India Pharma Outlook Team | Monday, 09 December 2024
The Union government has sanctioned a financial allocation of Rs 15,000 crore for the Production Linked Incentive (PLI) scheme in pharmaceuticals, intended to enhance domestic production. In a written response to Lok Sabha, Union Minister of State for Chemicals and Fertilizers Anupriya Patel stated that the government has implemented various initiatives to promote domestic production in the pharmaceutical industry.
This encompasses Bulk Drugs and Medical Devices that will aid in decreasing import reliance, enhancing local production, and drawing significant investments.
Patel announced that the PLI scheme aimed at enhancing domestic production of essential Key Starting Materials (KSMs), Drug Intermediates (DIs), and Active Pharmaceutical Ingredients (APIs) in India (referred to as the PLI scheme for Bulk Drugs) has received approval with a budget allocation of Rs. 6,940 crores.
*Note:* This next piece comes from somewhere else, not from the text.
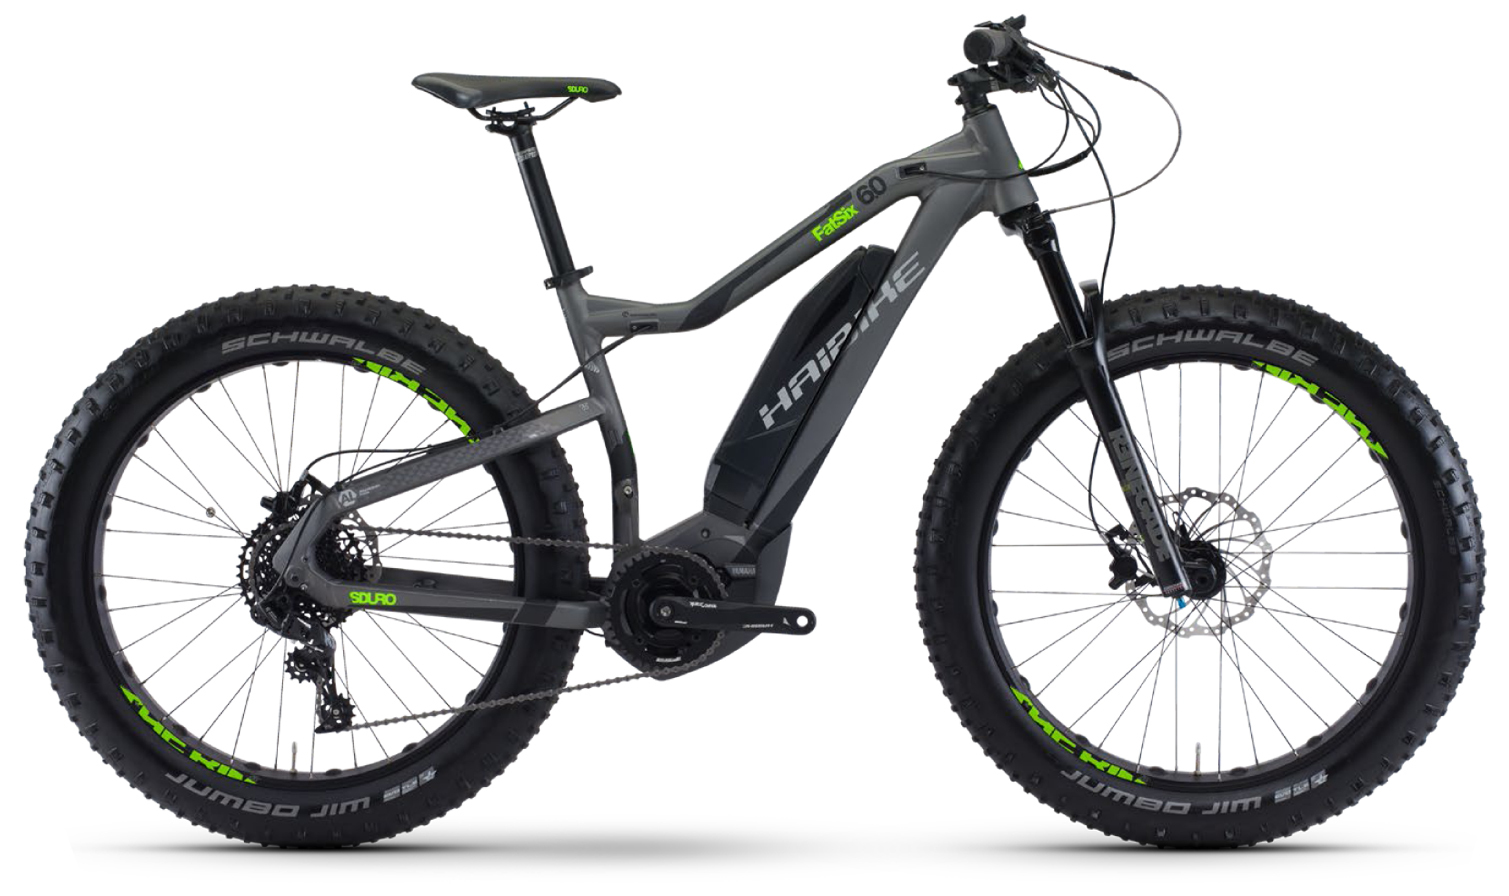 Haibike Sduro FatSix 6.0 (2017)Фэтбайки<br>Электровелосипед Haibike Sduro FatSix 6.0 – это надежный байк с запасом хода более 50 км. Он прекрасно подходит для бездорожья, песка и снега, поскольку его конструкция специально разработана для всесезонных условий катания. Велосипед обладает максимальной проходимостью за счет широких покрышек Schwalbe Jumbo Jim Evo на 26-дюймовых колесах. Также на нем установлена профессиональная трансмиссия Sram NX и дисковые гидравлические тормоза.<br>

The program, designed to offer financial rewards for the production of notified products, will be implemented from FY 2022-2023 through FY 2028-29.
The PLI program for pharmaceuticals, having a budget allocation of Rs. According to Patel, "15,000 crores, for the FY 2022-23 to FY 2027-28 period, offers a financial incentive to 55 chosen applicants for producing specific products across three categories for six years."
Under this program, Patel observed that high-value pharmaceutical items like patented or off-patented medicines, biopharmaceuticals, complex generics, cancer treatments, auto-immune therapies, orphan drugs, and so on are produced.